Philip Clark sprung one of Holden’s development cars, wearing light disguise around its headlights, tailgate and tail-lamps, as it cut through the streets of inner Melbourne recently.
It shows that the Eurodore, still missing its rear badge, is expected to feature many of the same styling details that have appeared on international versions of the car, right down to the chrome strip running right along the edge of the glasshouse down to the LED tail-lights.

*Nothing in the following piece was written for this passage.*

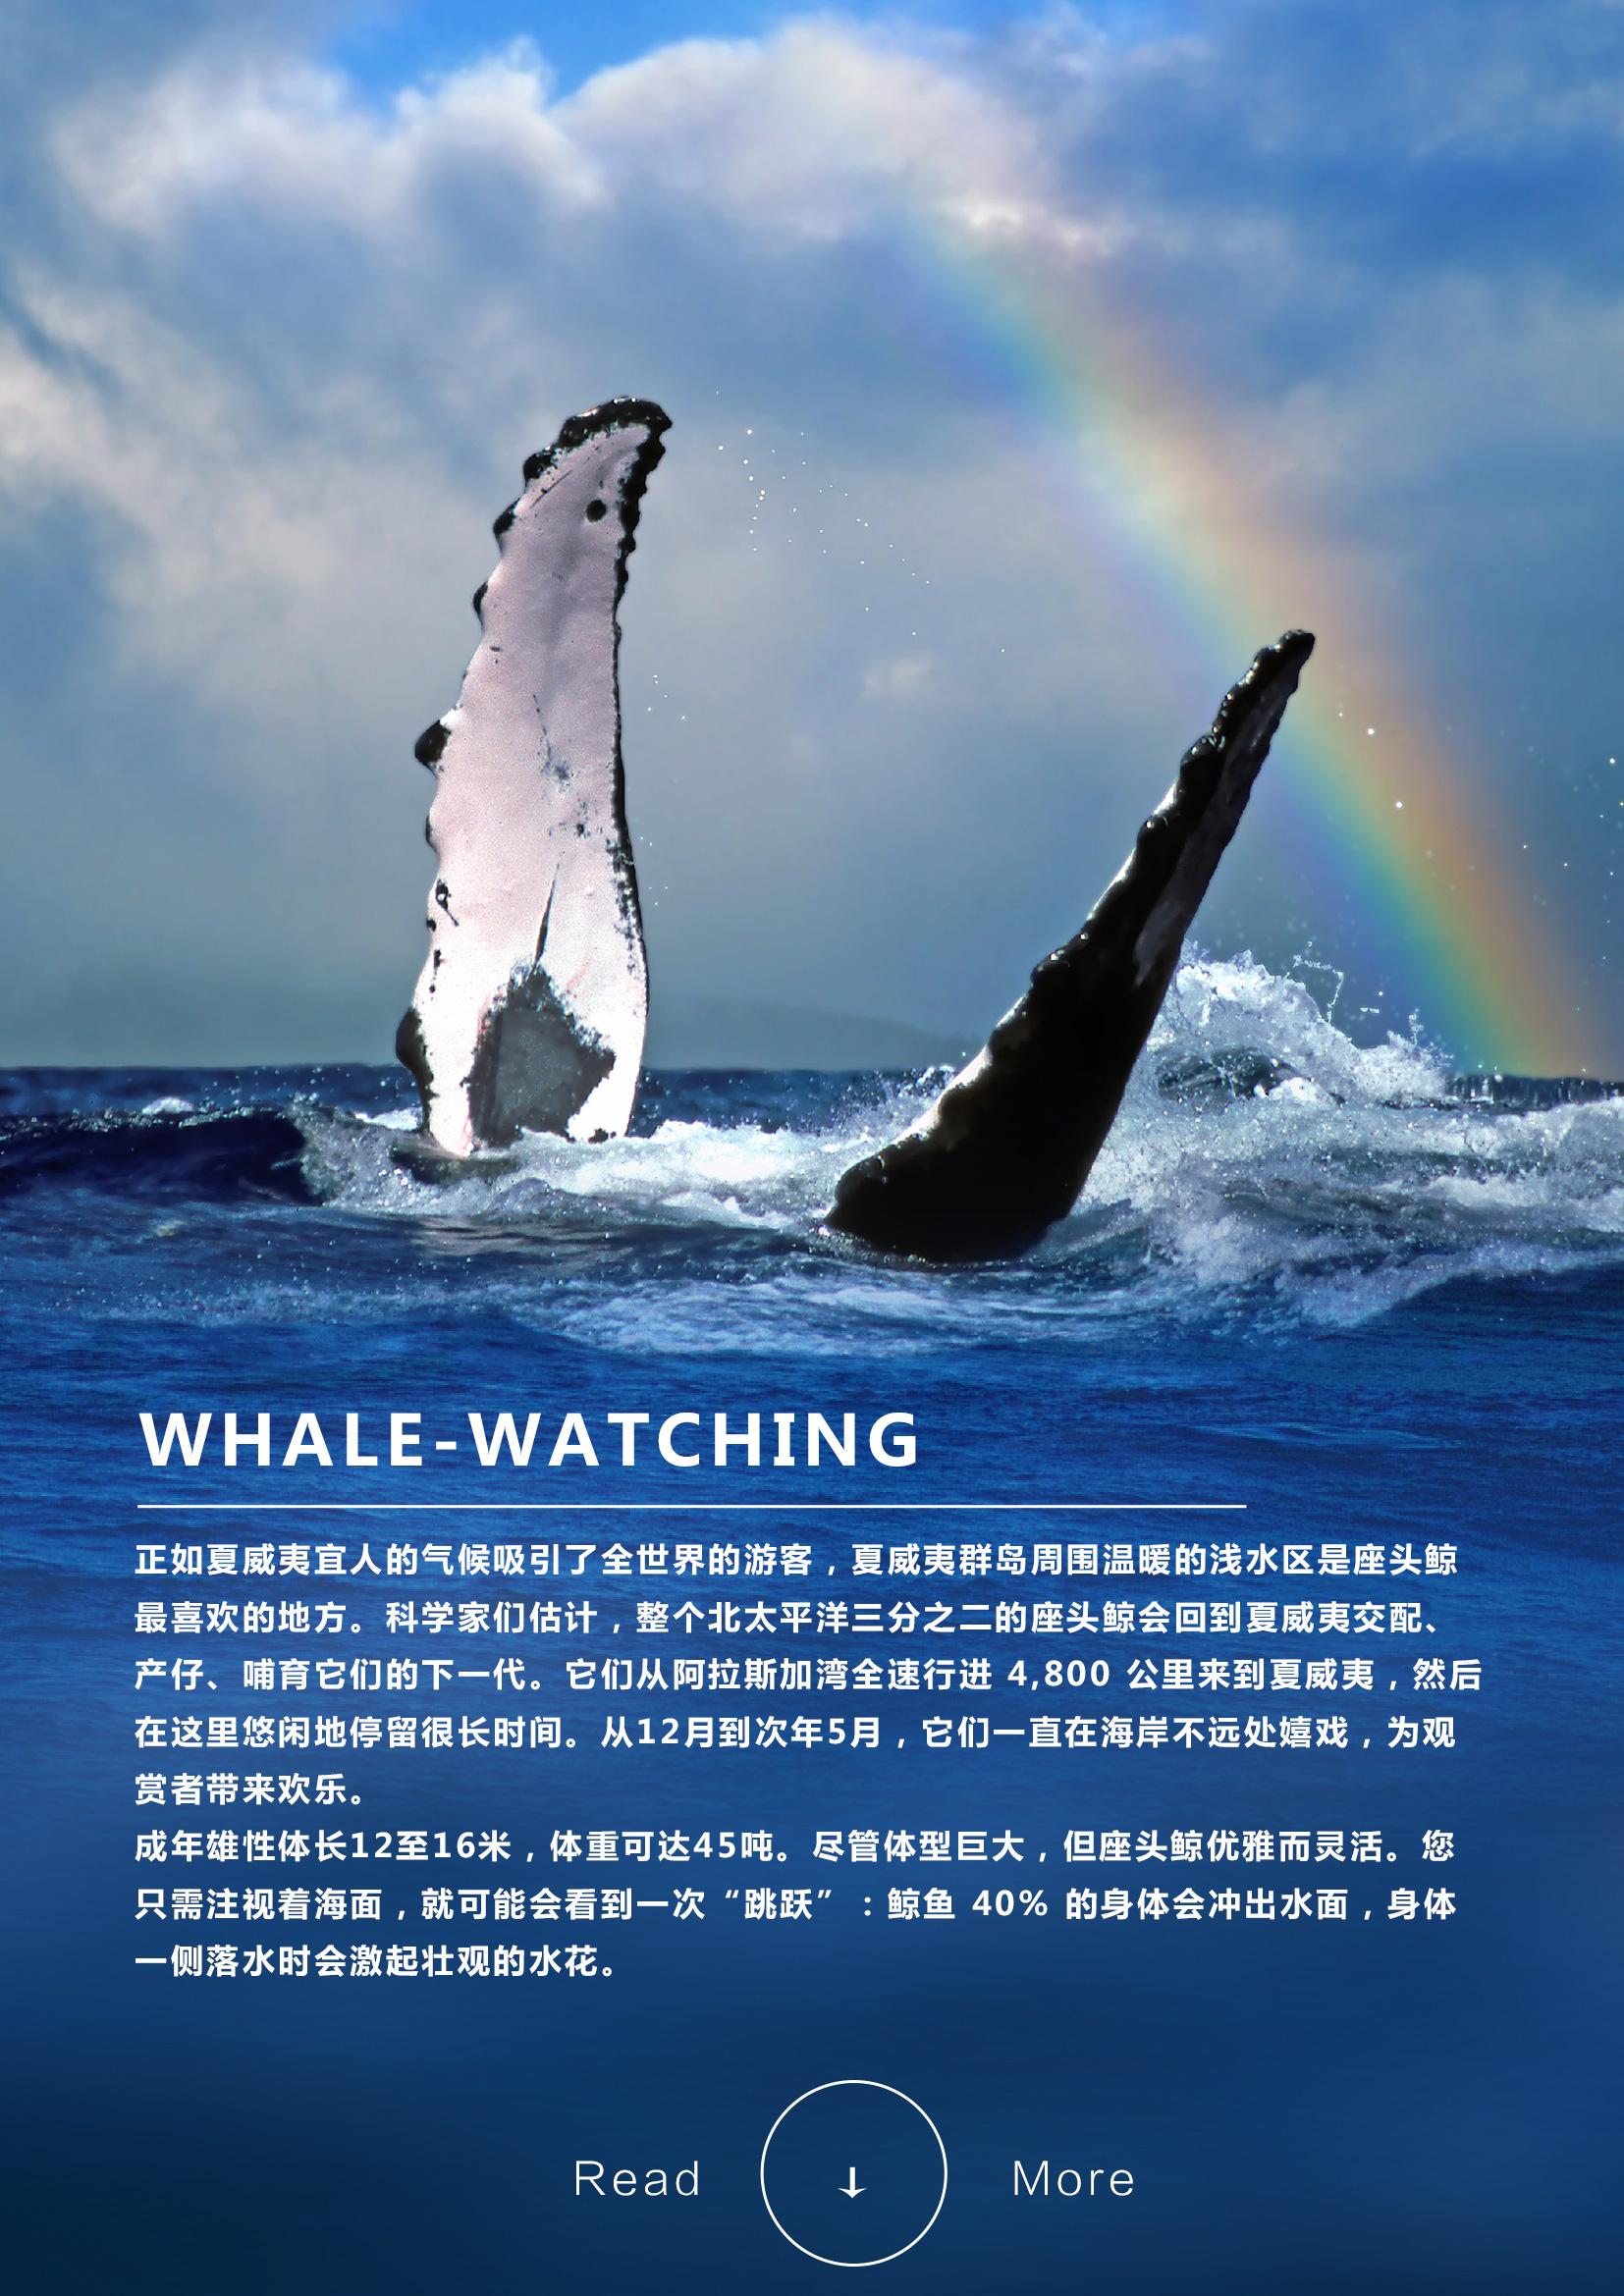 火山探秘——夏威夷欧胡岛+大岛深度7日天堂绝景之旅Whale-watching.jpg
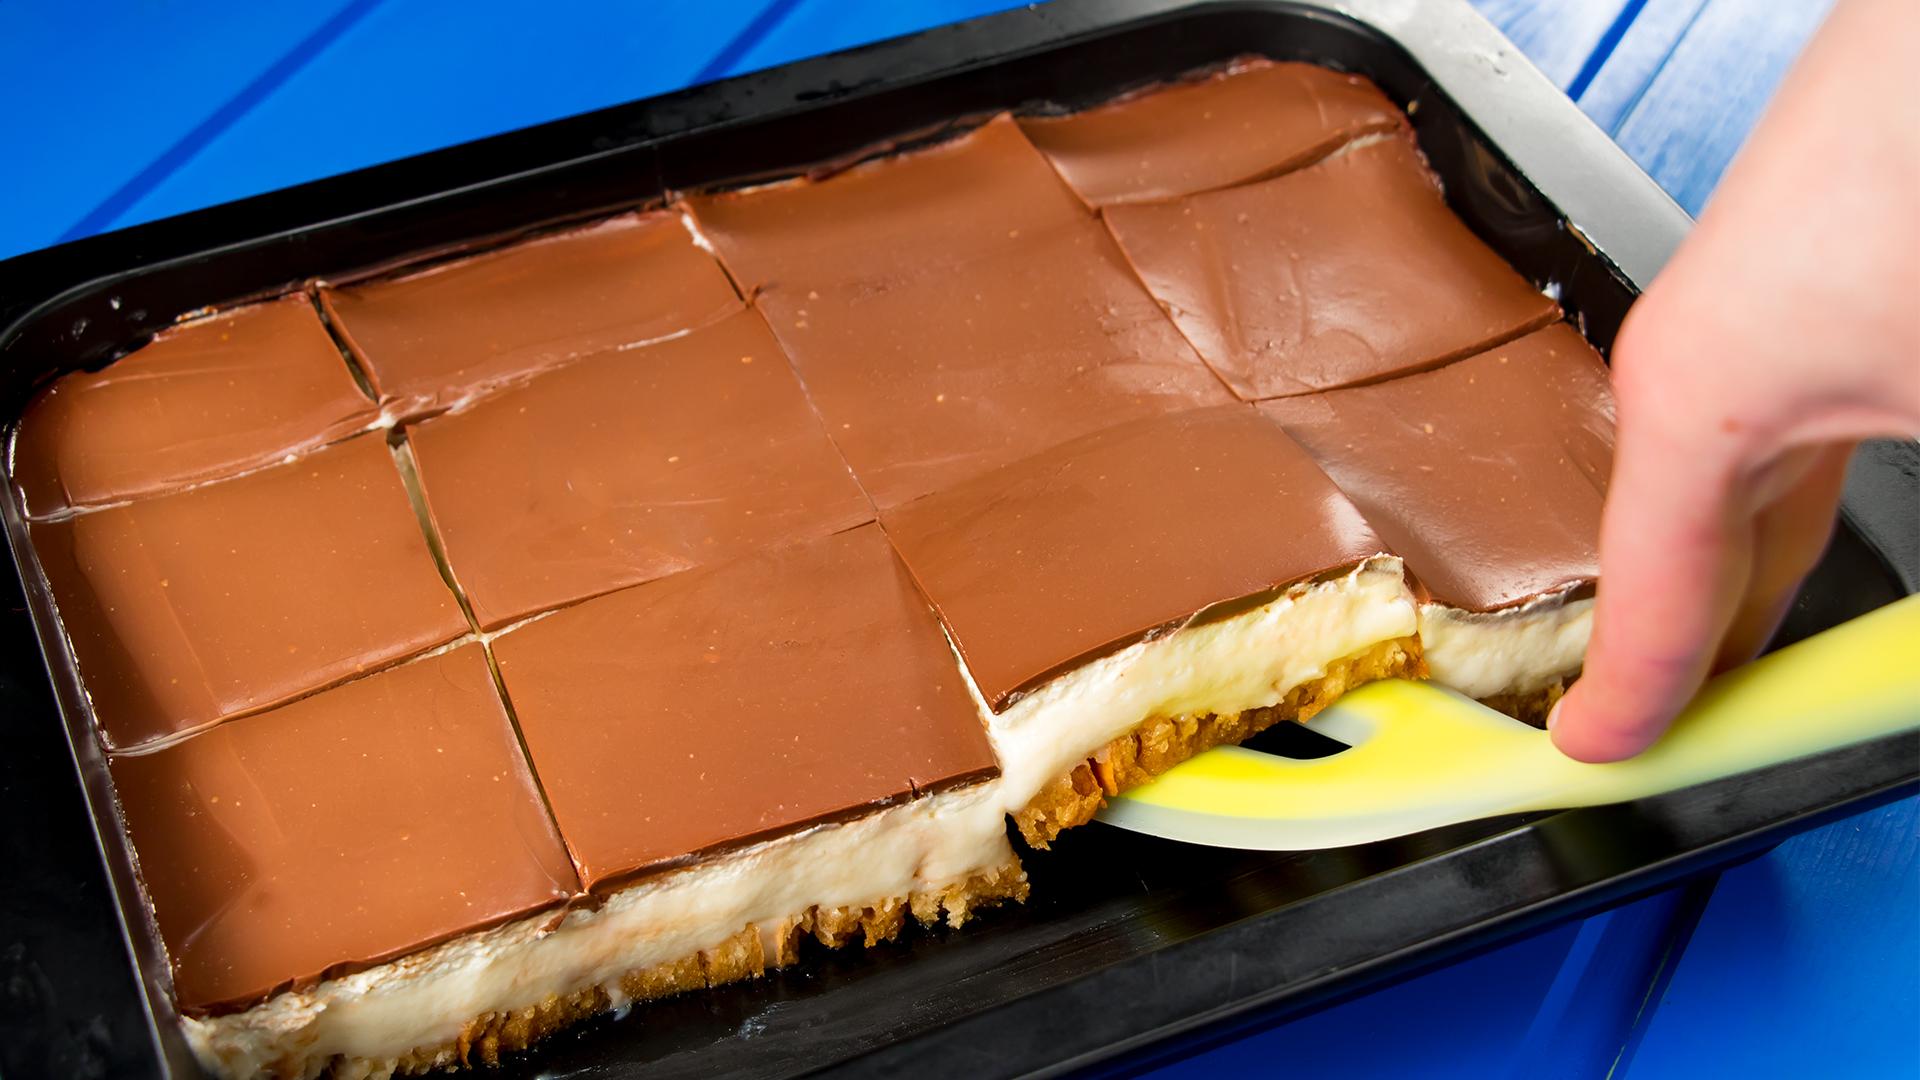 Prăjitură fără coacere cu pesmeți și cremă fină, care se topește în gură

The Sportwagon – called the Sports Tourer in other markets, but remaining faithful to Holden’s nomenclature here – is one of three Commodore variants expected to roll out here. These include the Commodore liftback sedan – a feature spotted by Wheels early in the new mid-sizer’s development cycle – and a higher-riding soft-roader.
Engine choices for the new Commodore range are still up in the air, although Holden has confirmed the choice of either a 230kW/370Nm 3.6-litre V6 – the largest engine capacity given there’s no room for a V8 – and a choice of four-cylinder turbocharged petrol and diesel units for more mainstream models.
If the recently confirmed Astra Sportwagon is any guide, Holden may limit the engine choices available to the Commodore Sportwagon to just the base four-pots, although a V6 would help the car keep some of its reputation as a caravan-hauling grand tourer.
The new “NG” Commodore is due on sale early next year.